What is the necessity of BERT?
The most challenging aspect of any NLP problem is the deficit of training data. Despite the availability of enormous training data in general if we want to categorize the training set into task-specific datasets, we need to segregate them into many sub-categories. After this segregation, we end up with only a few hundred thousand odd human-labeled training datasets. Unfortunately, the Deep Learning based NLP tasks; require a much higher amount and can only have a significant accuracy or represent improvement only when trained with an enormous dataset.

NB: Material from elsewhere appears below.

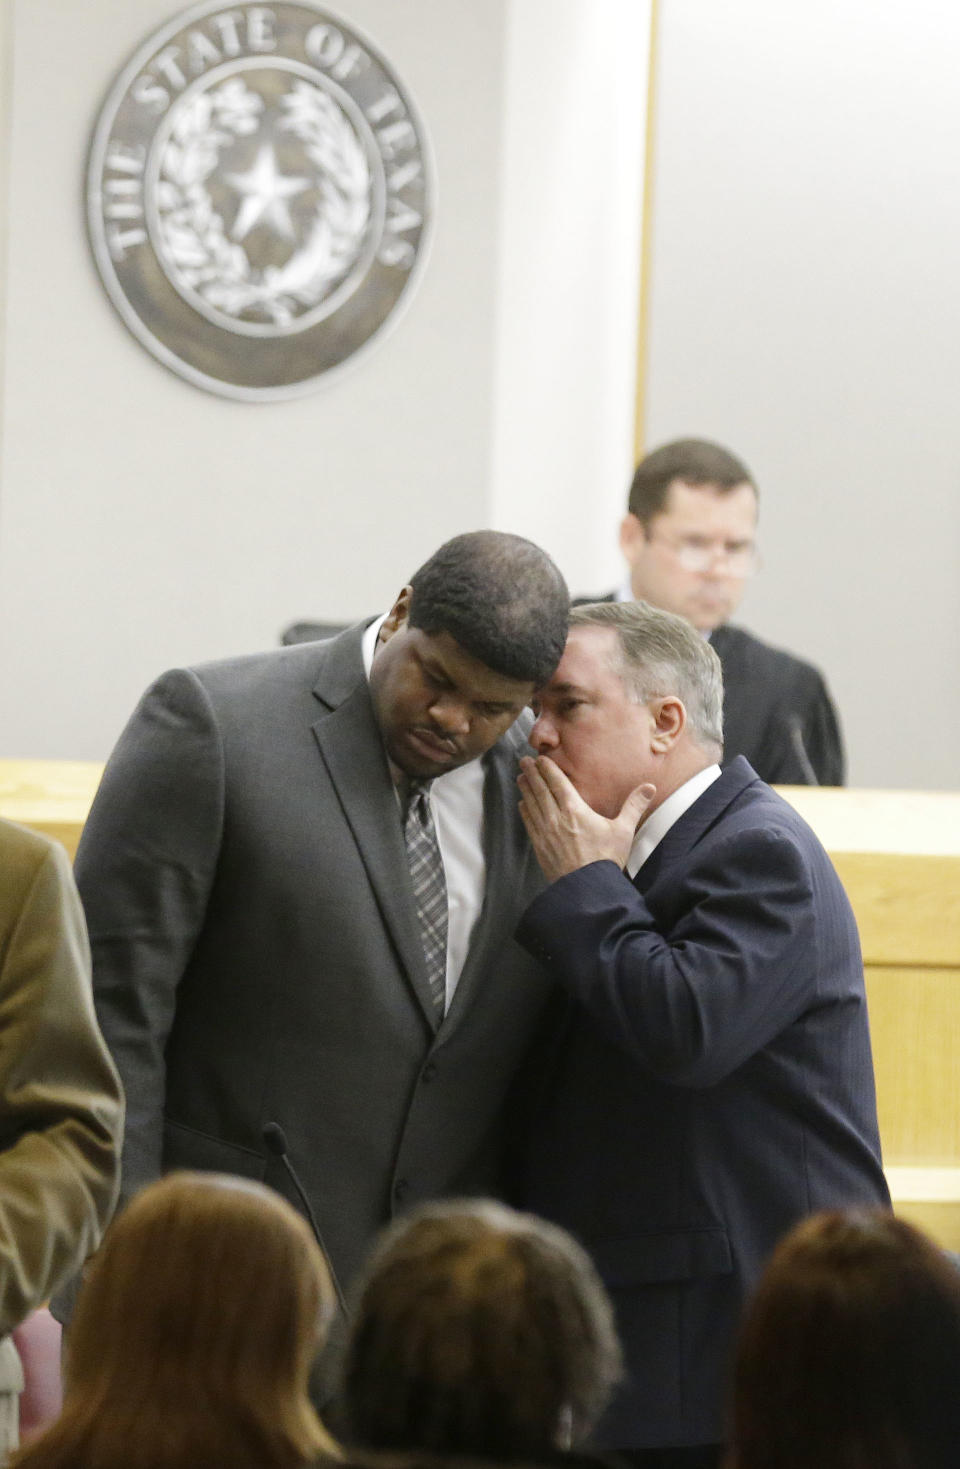 Former Dallas Cowboys' Josh Brent, left, listens to his attorney George Milner during juror selection Friday, Jan. 10, 2014, in Dallas. Jury selection continues for the upcoming trial of Brent, who's accused of killing a practice squad player in a drunken-driving wreck. Opening statements in the case are expected next week. (AP Photo/LM Otero)

To overcome this shortcoming, researchers and scholars have come up with techniques for general-purpose language representation with the help of unannotated text available on the web (pre-training). These models can then be fine-tuned for smaller task-specific datasets. This method significantly increases the accuracy when compared to the model trained on a small dataset for task-specific from the scratch, thus drastically reducing the training data that we usually require.
Why is BERT so powerful?
The BERT rather than predicting the next word in the sequence masks a finite percent of words within the sequence randomly and tries to predict them. This is termed Masked LM (MLM). The reason why the BERT model is powerful is because instead of predicting the subsequent word in the sequence, the model accounts for all words in the sequence and comes up with a deeper understanding of the context. To explain it more clearly, the usage of words in any language for that matter depends entirely on the context:
Let’s say we have two sentences: he is an avid book reader, and he went to book movie tickets along with his friend. In the two sentences, the word book incorporates a different meaning based on the context in which the word is used. BERT analyses and learns this contextual meaning to differentiate between the same words used in different locations.
Hope this was helpful.